Have Red Bull engineered their car so far towards Max Verstappen that no other driver could make it competitive? – David

To the first clause of this question, the Red Bull engineers would say no. But the real answer is, ‘no but, yes, kind of’.

Red Bull would say that they don’t engineer the car to favour Verstappen; they design the fastest car they can, and then develop it in a direction that, from the experience of racing it, suggests where it can be improved.

However, it’s inevitable that if one driver is demonstrably, consistently faster than the other, any team is likely to give more weight to their feedback than to his team-mate’s.
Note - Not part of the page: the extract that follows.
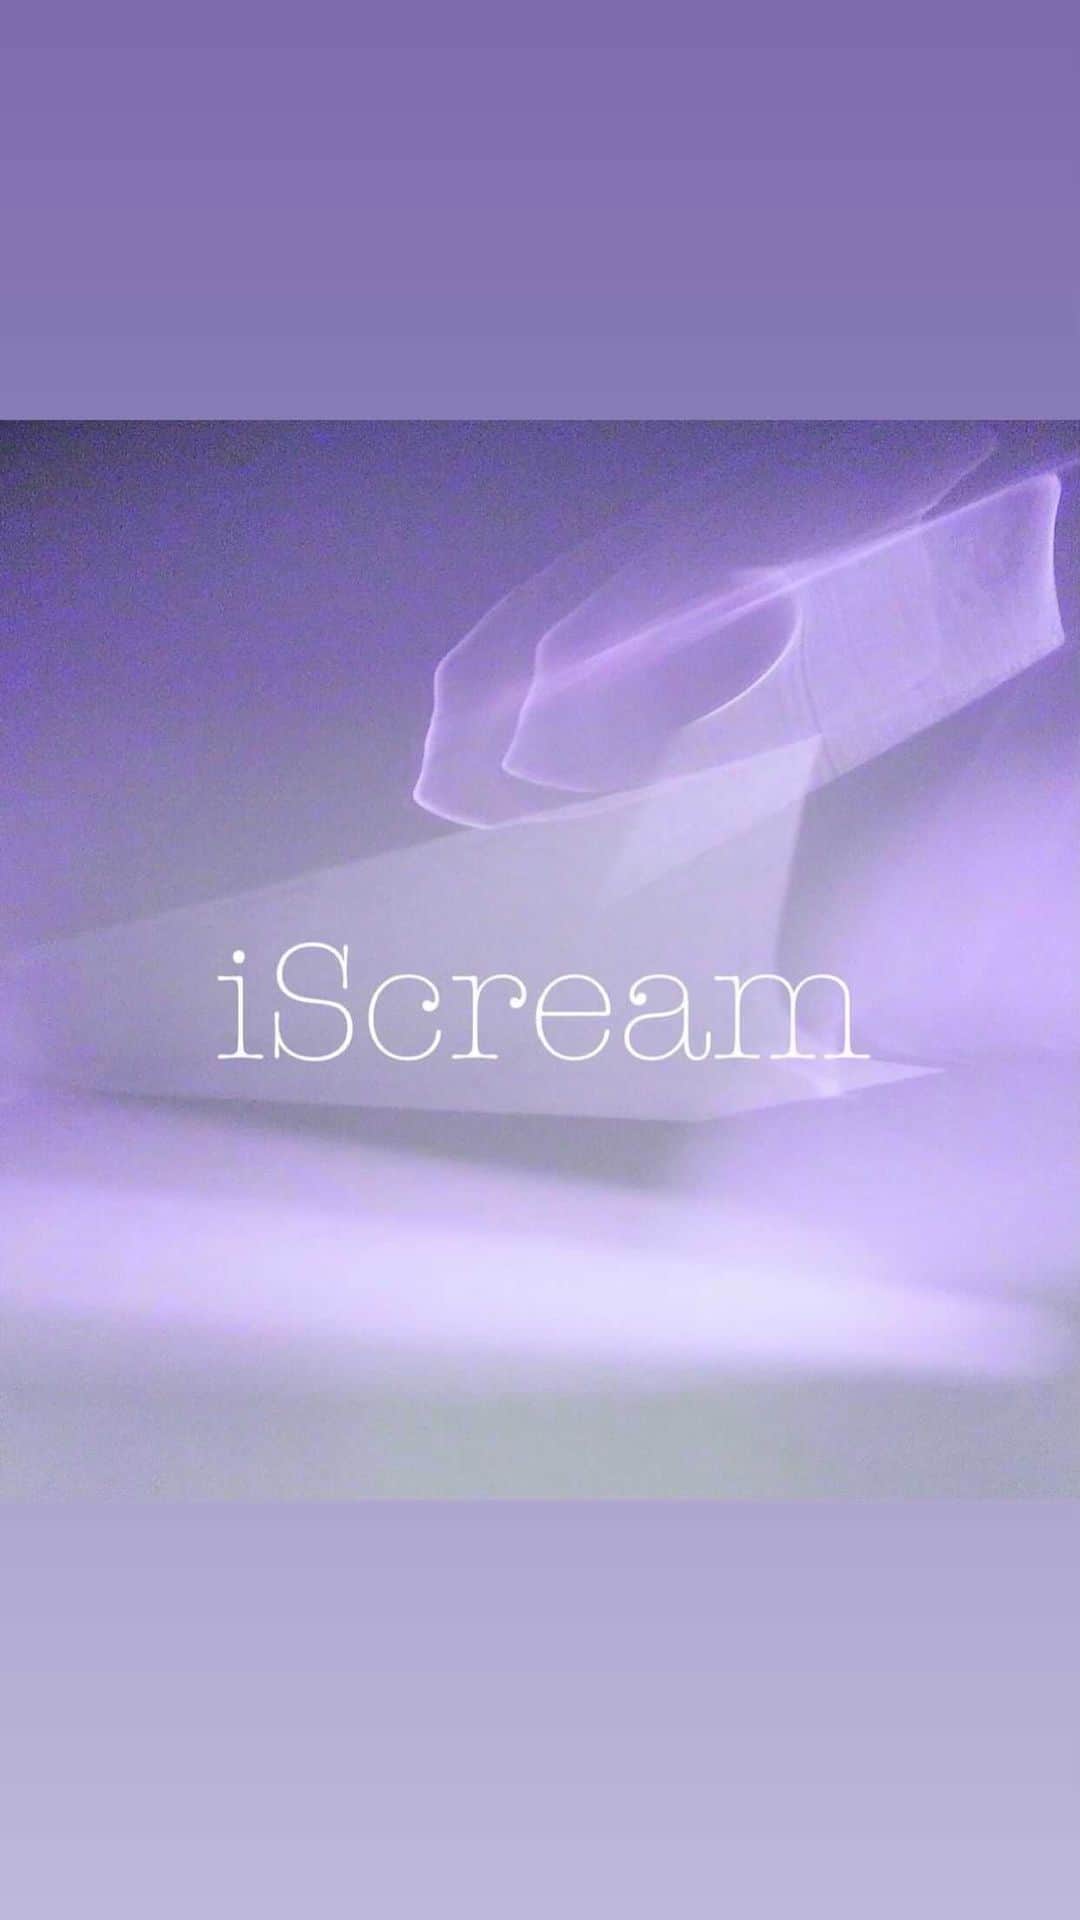 iScreamのインスタグラム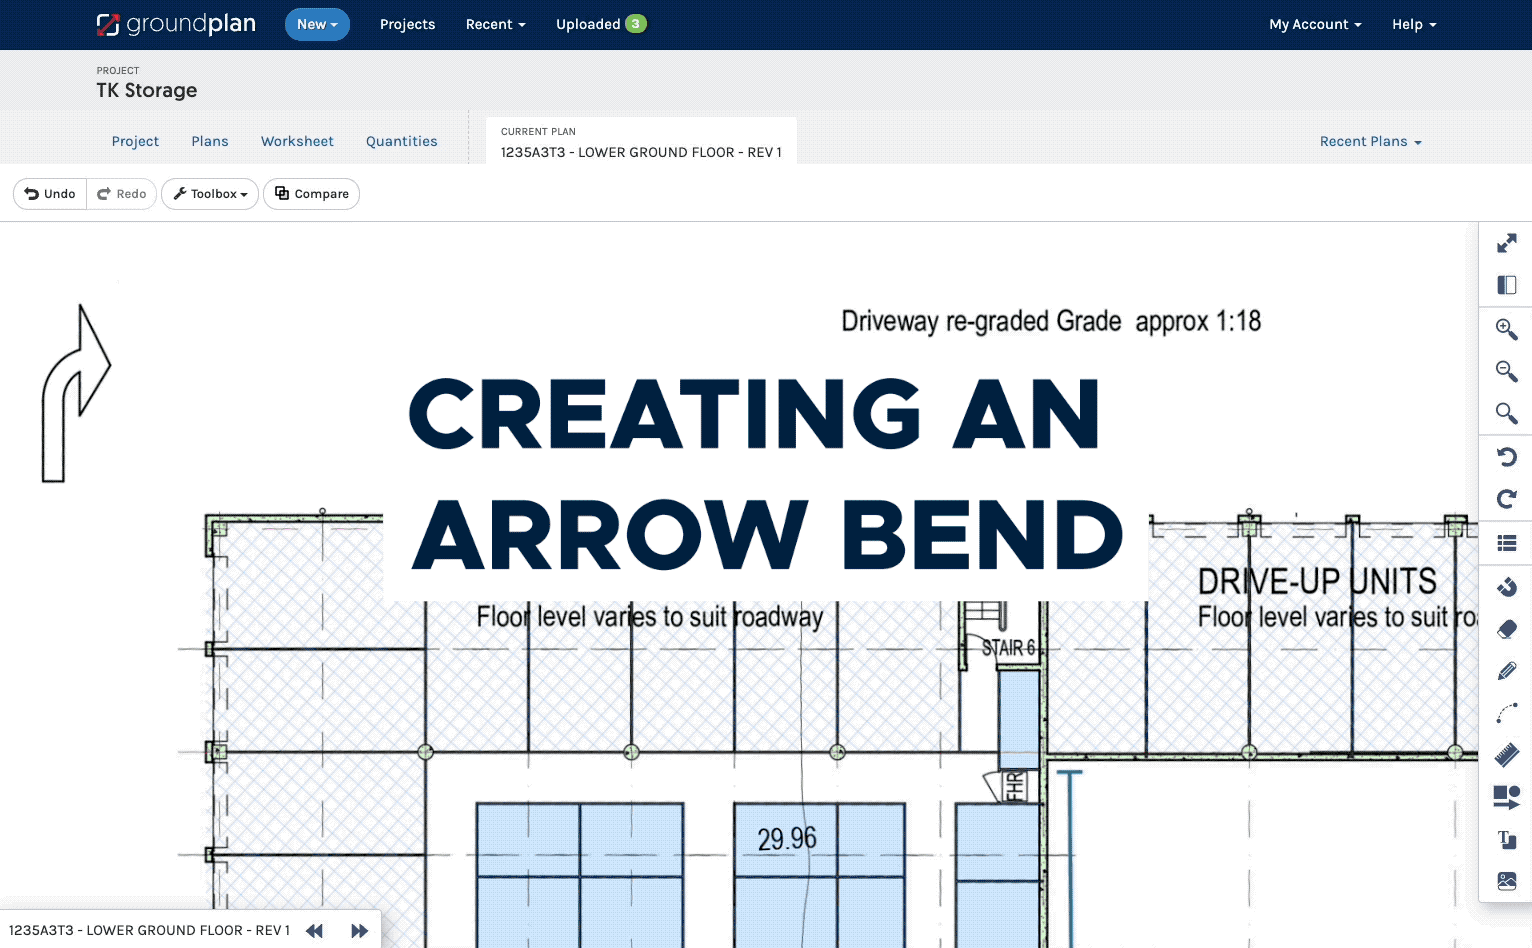 D1 - Creating an arrow bend

So, if Verstappen feels he can go faster if the car has a more responsive front – which he usually does – they’re more likely to develop it so it has more front downforce and grip than if his team-mate was saying that he wanted more rear stability, for example.

Alex Albon would say this was the situation in which he ended up when he was Verstappen’s team-mate in 2020 – Albon likened the steering response of the Red Bull to a computer games controller turned up to maximum sensitivity.

But that’s a general answer. Specifically, this year, that is not what Red Bull’s problem has been.

The issue for them has been that the car’s balance has not been “connected”, as drivers put it these days – ie the front and rear behave differently, sometimes from corner to corner, sometimes within a single corner. Aston Martin have had a similar problem.

This makes the car very difficult to drive. And in that situation – in any situation, frankly – a great driver such as Verstappen is always going to adapt better than a merely good one, such as Sergio Perez.

The second part of the question is whether any other driver would be able to handle this situation better.

It’s a pretty safe bet to say that the very best – Lewis Hamilton, Charles Leclerc, George Russell, Lando Norris, Fernando Alonso – definitely would.

Would that extend to Liam Lawson or Yuki Tsunoda, the two drivers Red Bull are considering to replace Perez in 2025?

Well, as things stand, it looks like we’re going to find out, and that Lawson will be the latest experiment.

Why does bad driving (a collision) that severely disenables another car never result in disqualification? – Graham

Because it’s generally not considered a serious enough offence for that punishment.

Drivers can be disqualified, but it tends to happen only for the most egregious flouting of the rules, or ignoring of officials’ orders.

A simple error in a racing situation – even if it’s a particularly clumsy one, as a couple were in Abu Dhabi on Sunday – does not meet the threshold.